Durante Semana Santa, recordamos los últimos días antes de la crucifixión de Jesús. El camino que recorrió hasta la cruz por las calles de Jerusalén se conoce hoy como la Vía Dolorosa.
Sin embargo, el escritor de Hebreos veía el camino que Jesús tomó como algo más que un sendero de dolor y tristeza. Esa vía de sufrimiento que el Señor recorrió voluntariamente hasta el Gólgota abrió para nosotros «el camino nuevo y vivo» a la presencia de Dios (Hebreos 10:20).
Durante siglos, el pueblo judío había buscado entrar en la presencia de Dios mediante el sacrificio de animales y el cumplimiento de la ley.
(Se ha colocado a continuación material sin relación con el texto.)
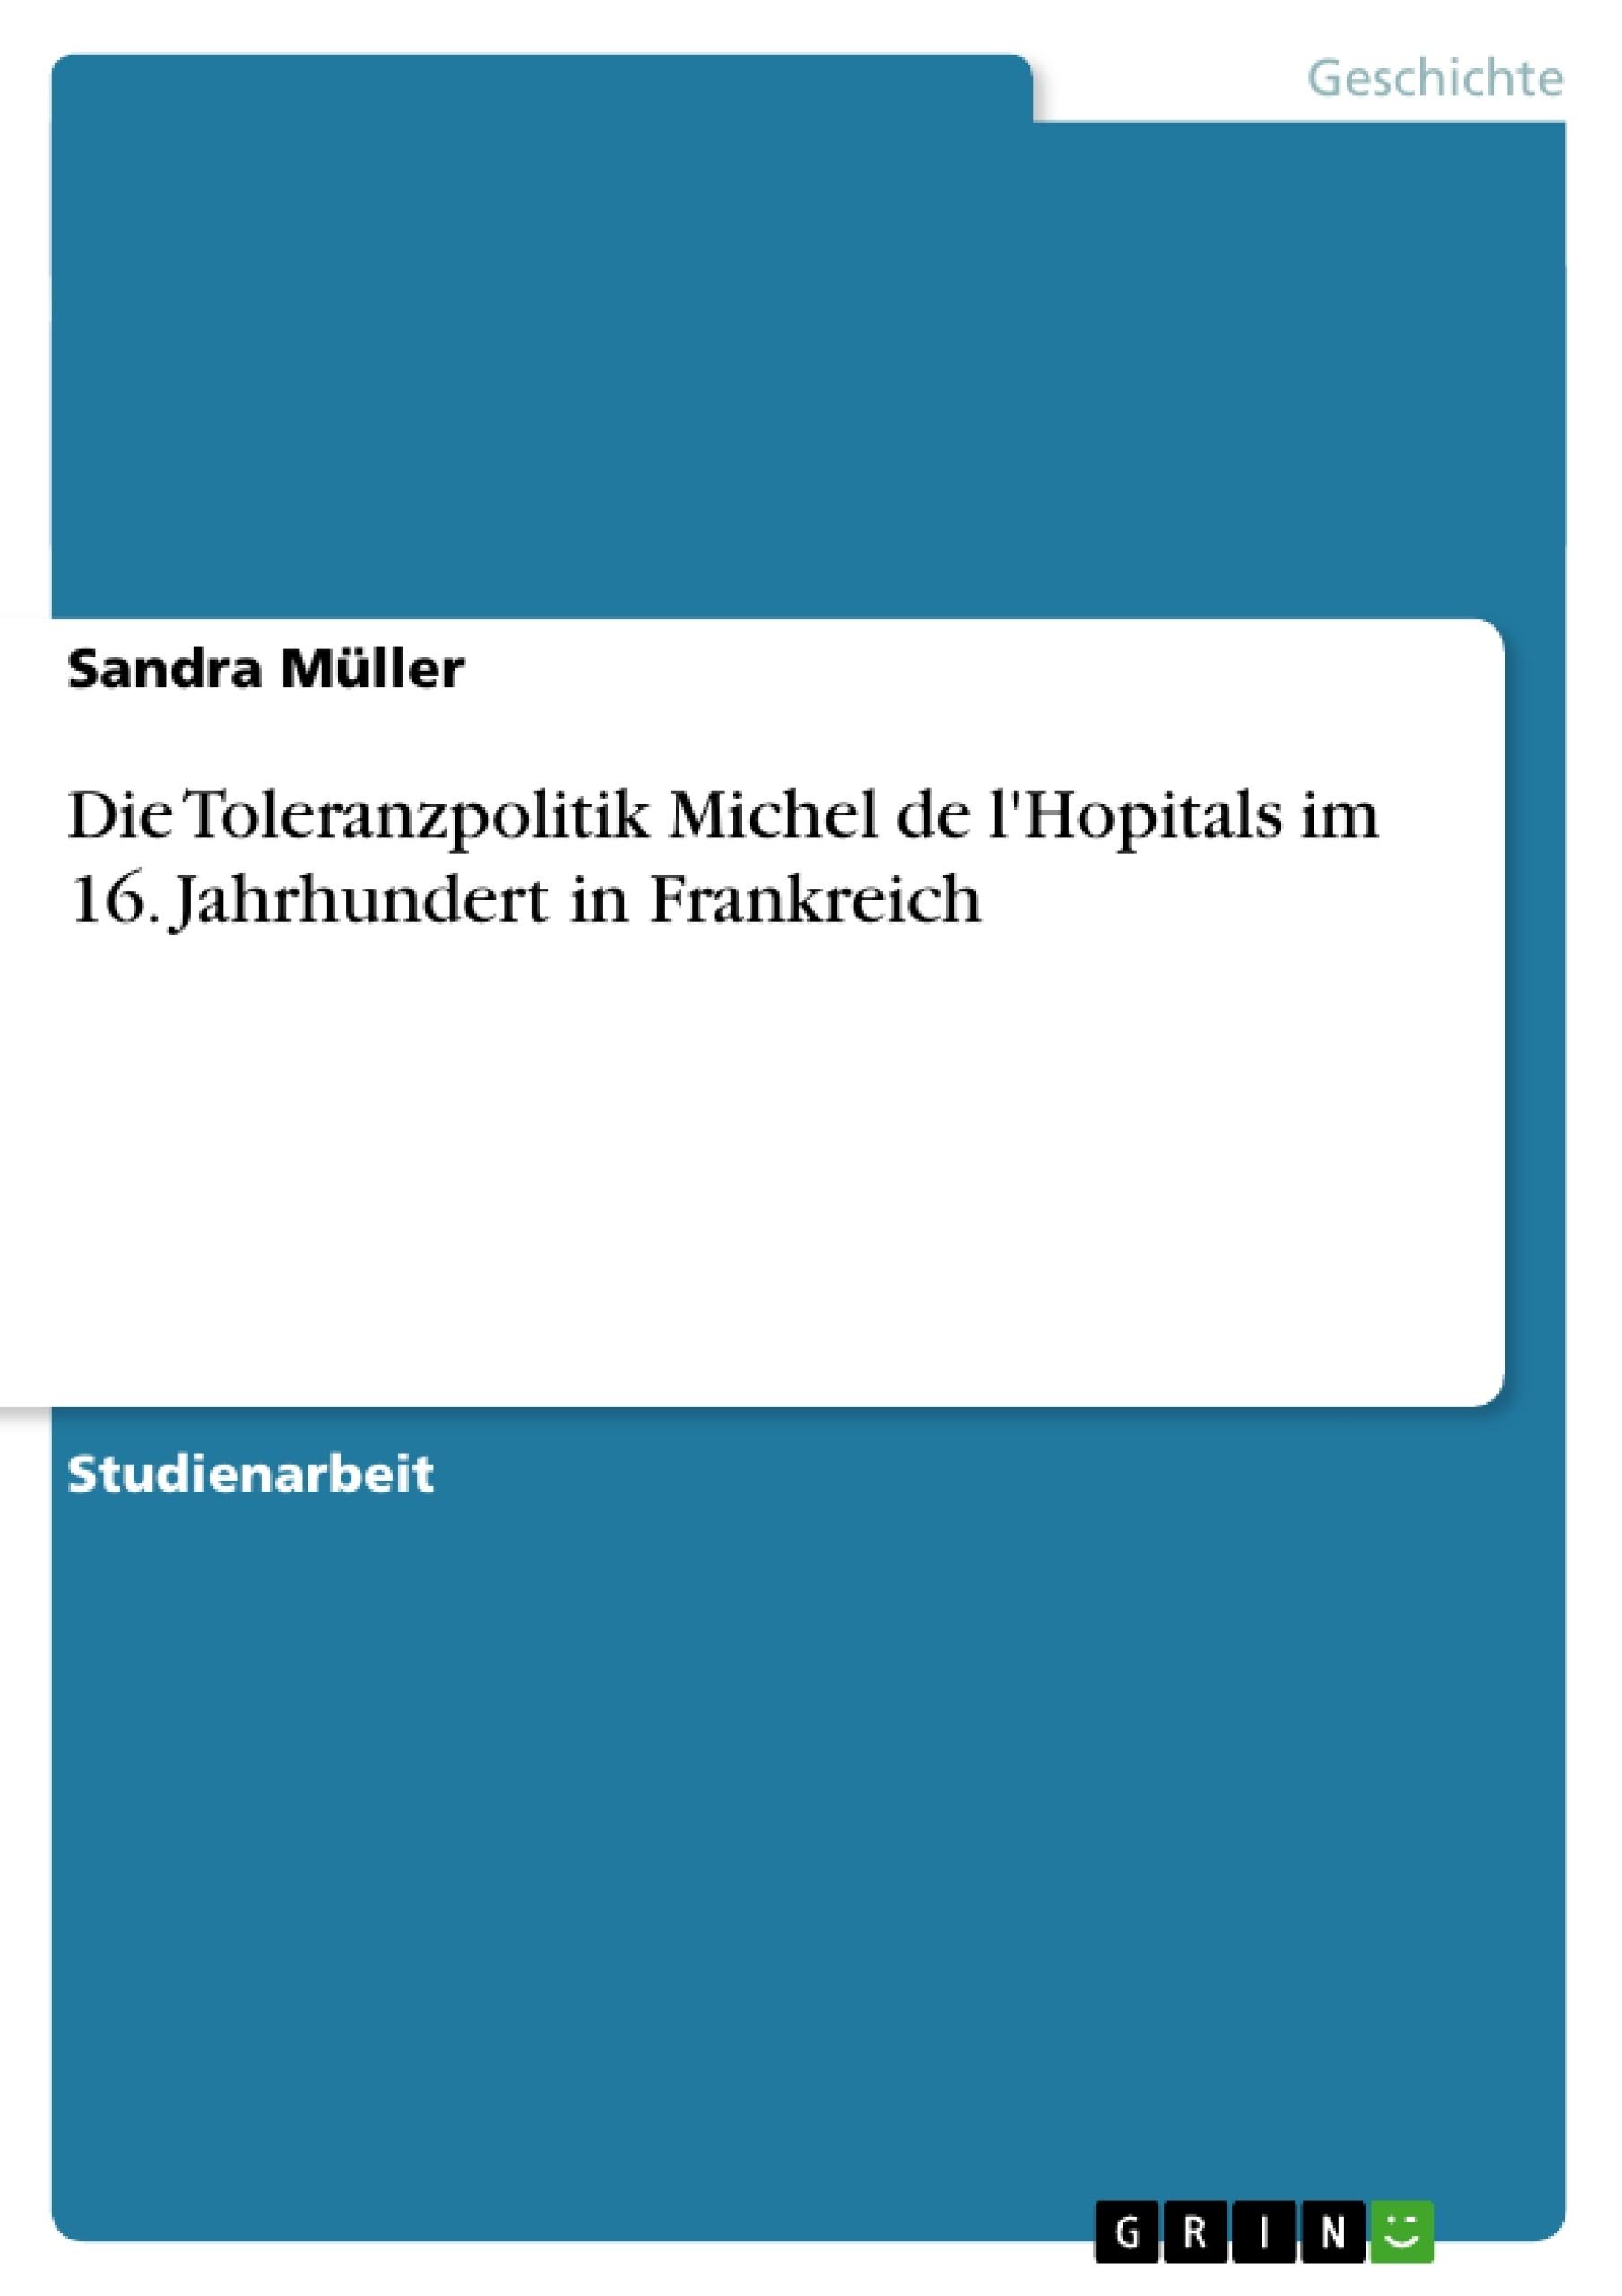 Titel: Die Toleranzpolitik Michel de l'Hopitals im 16. Jahrhundert in Frankreich

Pero la ley era solo una «sombra de los bienes venideros», porque «la sangre de los toros y de los machos cabríos no puede quitar los pecados» (vv. 1, 4).
El recorrido de Jesús por la Vía Dolorosa lo llevó a su muerte y resurrección. Como resultado de su sacrificio, somos hechos santos al poner nuestra fe en Él para el perdón de nuestros pecados. Aunque no podemos cumplir la ley a la perfección, sí podemos acercarnos a Dios sin temor, con la plena confianza de que somos bienvenidos y de que nos ama (vv. 10, 22).
El sendero de dolor de Cristo nos abrió un camino nuevo y vivo hacia Dios.